Data partitioning guidance

Azure Blob Storage

In many large-scale solutions, data is divided into partitions that can be managed and accessed separately. Partitioning can improve scalability, reduce contention, and optimize performance. It can also provide a mechanism for dividing data by usage pattern. For example, you can archive older data in cheaper data storage.

However, the partitioning strategy must be chosen carefully to maximize the benefits while minimizing adverse effects.

Note

In this article, the term partitioning means the process of physically dividing data into separate data stores. It is not the same as SQL Server table partitioning.

Why partition data?

  • Improve scalability. When you scale up a single database system, it will eventually reach a physical hardware limit. If you divide data across multiple partitions, each hosted on a separate server, you can scale out the system almost indefinitely.

  • Improve performance. Data access operations on each partition take place over a smaller volume of data. Correctly done, partitioning can make your system more efficient. Operations that affect more than one partition can run in parallel.

  • Improve security. In some cases, you can separate sensitive and nonsensitive data into different partitions and apply different security controls to the sensitive data.

  • Provide operational flexibility. Partitioning offers many opportunities for fine-tuning operations, maximizing administrative efficiency, and minimizing cost. For example, you can define different strategies for management, monitoring, backup and restore, and other administrative tasks based on the importance of the data in each partition.

  • Match the data store to the pattern of use.

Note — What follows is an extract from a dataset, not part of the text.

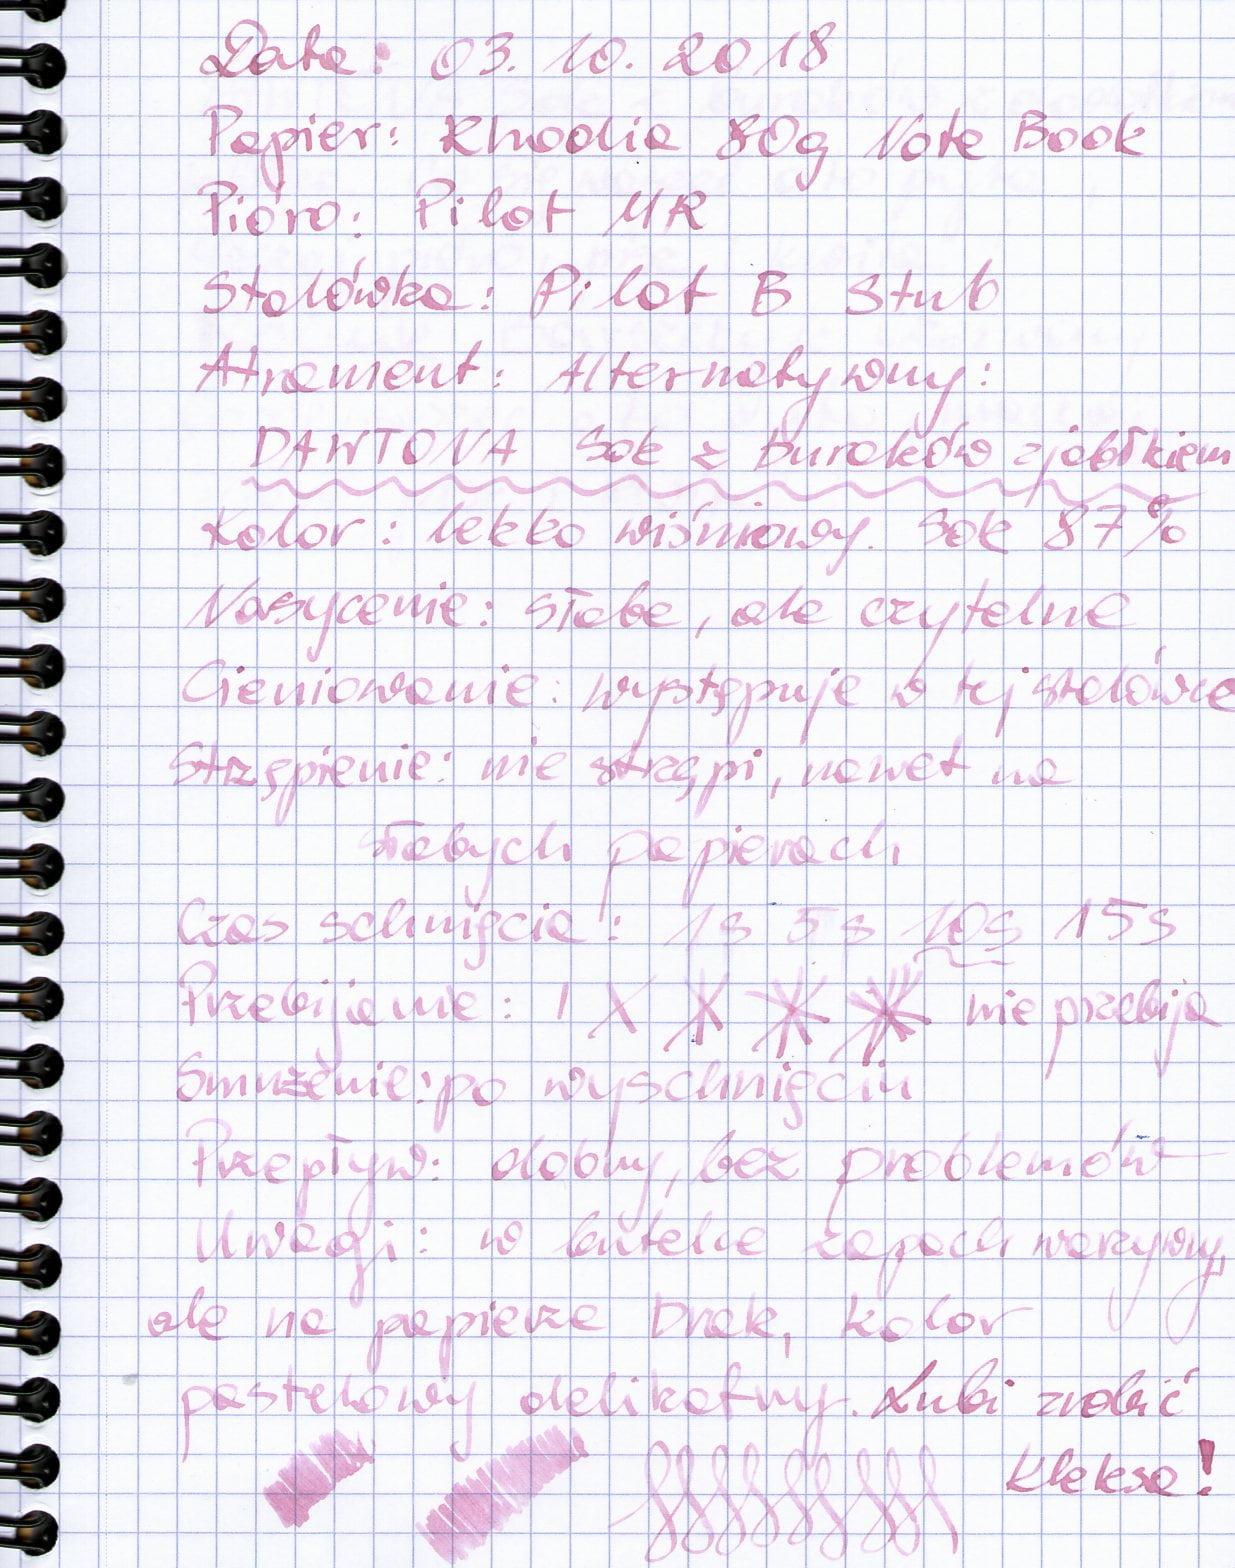 3ec7bcd4be032dc5.jpg

Partitioning allows each partition to be deployed on a different type of data store, based on cost and the built-in features that data store offers. For example, large binary data can be stored in blob storage, while more structured data can be held in a document database. See Choose the right data store.

  • Improve availability. Separating data across multiple servers avoids a single point of failure. If one instance fails, only the data in that partition is unavailable. Operations on other partitions can continue. For managed PaaS data stores, this consideration is less relevant, because these services are designed with built-in redundancy.

Designing partitions

There are three typical strategies for partitioning data:

  • Horizontal partitioning (often called sharding). In this strategy, each partition is a separate data store, but all partitions have the same schema. Each partition is known as a shard and holds a specific subset of the data, such as all the orders for a specific set of customers.

  • Vertical partitioning. In this strategy, each partition holds a subset of the fields for items in the data store. The fields are divided according to their pattern of use. For example, frequently accessed fields might be placed in one vertical partition and less frequently accessed fields in another.

  • Functional partitioning. In this strategy, data is aggregated according to how it is used by each bounded context in the system. For example, an e-commerce system might store invoice data in one partition and product inventory data in another.

These strategies can be combined, and we recommend that you consider them all when you design a partitioning scheme. For example, you might divide data into shards and then use vertical partitioning to further subdivide the data in each shard.

Horizontal partitioning (sharding)

Figure 1 shows horizontal partitioning or sharding. In this example, product inventory data is divided into shards based on the product key. Each shard holds the data for a contiguous range of shard keys (A-G and H-Z), organized alphabetically. Sharding spreads the load over more computers, which reduces contention and improves performance.

Horizontally partitioning (sharding) data based on a partition key

Figure 1 - Horizontally partitioning (sharding) data based on a partition key.

The most important factor is the choice of a sharding key. It can be difficult to change the key after the system is in operation. The key must ensure that data is partitioned to spread the workload as evenly as possible across the shards.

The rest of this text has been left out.